Therefore the equation of the required circle is:

$\displaystyle x^2 + y^2 - 22 x --4 y + 25 = 0$

(iii) The circle passes through the points $\displaystyle (5, - 8), (- 2,9)$ and $\displaystyle (2,1)$

The equation of circle is $\displaystyle x^2 + y^2 + 2gx + 2fy + c =0$ … … … … … i)

Substituting $\displaystyle (5,-8)$ in i) we get

$\displaystyle 25 + 64 + 10g -16f + c = 0 \hspace{0.5cm} \Rightarrow 10g-16f+c = -91$ … … … … … ii)

Substituting $\displaystyle (-2, 9)$ in i) we get

$\displaystyle 4 + 81 -4g +18f + c = 0 \hspace{0.5cm} \Rightarrow -4g+18f+c = -85$ … … … … … iii)

Substituting $\displaystyle (2, 1)$ in i) we get

$\displaystyle 4 +1 + 4g +2f + c = 0 \hspace{0.5cm} \Rightarrow 4g+2f+c = -5$ … … … … … iv)

Solving ii) , iii) and iv) simultaneously, we get

$\displaystyle g = 58, \hspace{0.5cm} f = 24, \hspace{0.5cm} c= -285$

Therefore the equation of the required circle is:

$\displaystyle x^2 + y^2 +116 x +48 y -285 = 0$

(iv) The circle passes through the points $\displaystyle (0, 0), (-2, 1)$ and $\displaystyle (- 3,2)$

The equation of circle is $\displaystyle x^2 + y^2 + 2gx + 2fy + c =0$ … … … … … i)
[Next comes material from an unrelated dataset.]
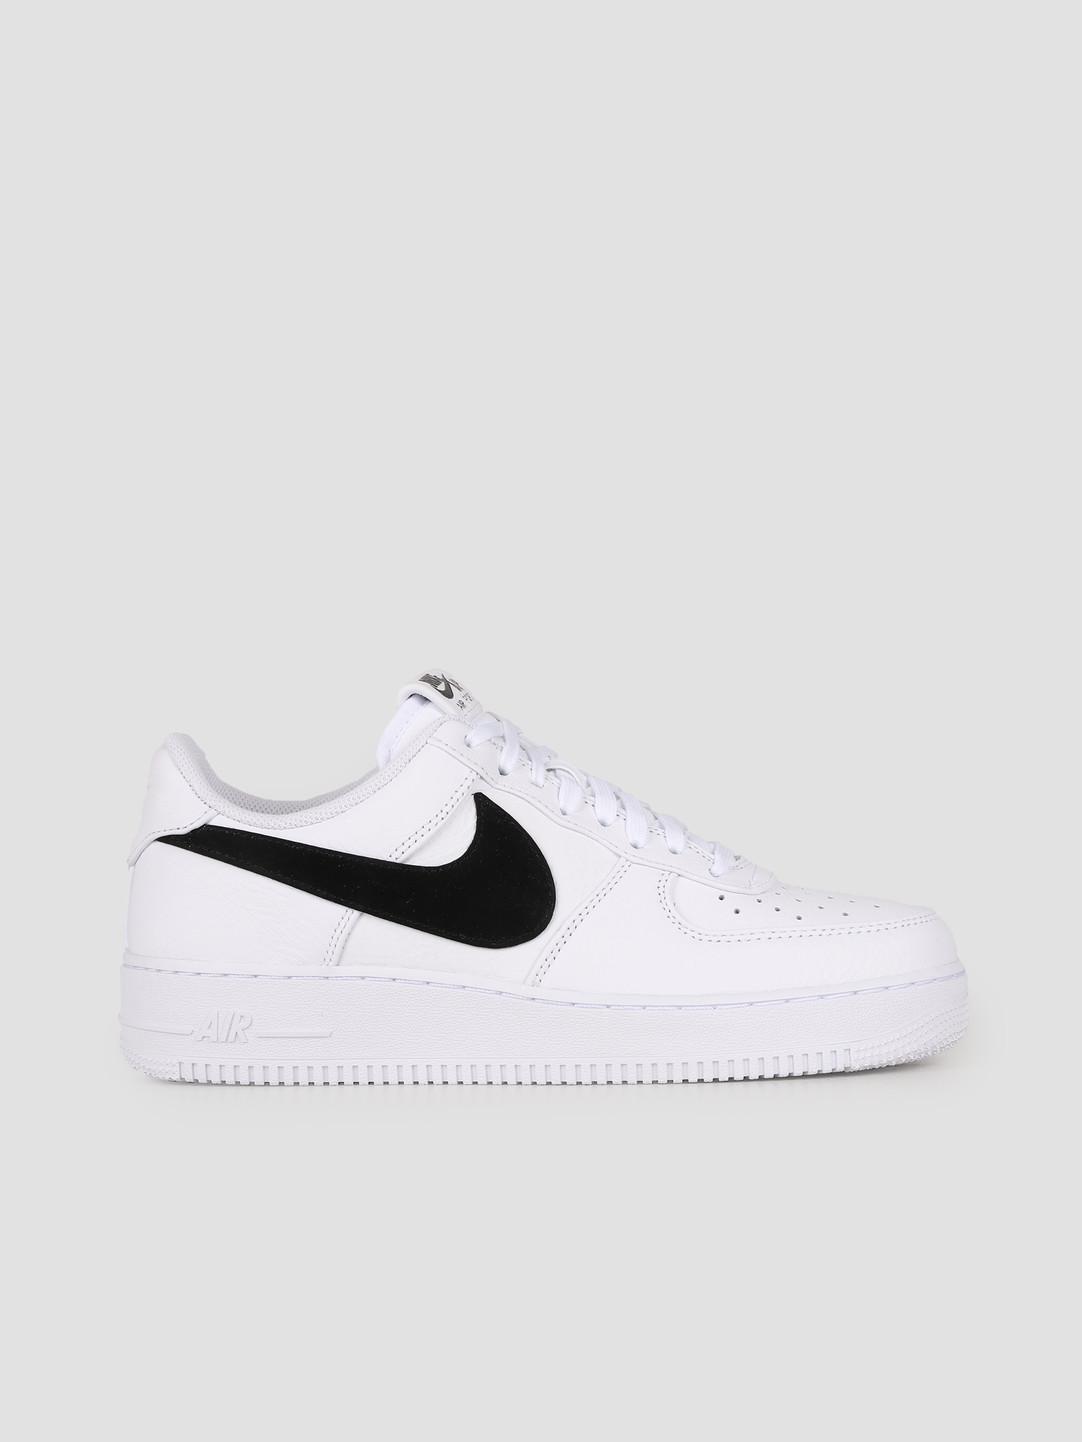 Nike Air Force 1 07 PRM 2 White Black AT4143 102

Substituting $\displaystyle (0,0)$ in i) we get

$\displaystyle 0 + 0 + 0 + 0 + c = 0 \hspace{0.5cm} \Rightarrow c = 0$ … … … … … ii)

Substituting $\displaystyle (-2,1)$ in i) we get

$\displaystyle 4 + 1 -4g + 2f + c = 0 \hspace{0.5cm} \Rightarrow -4g+2f = 0$ … … … … … iii)

Substituting $\displaystyle (-3, 2)$ in i) we get

$\displaystyle 9 + 4 -6g + 4f + c = 0 \hspace{0.5cm} \Rightarrow -6g+4f = -13$ … … … … … iv)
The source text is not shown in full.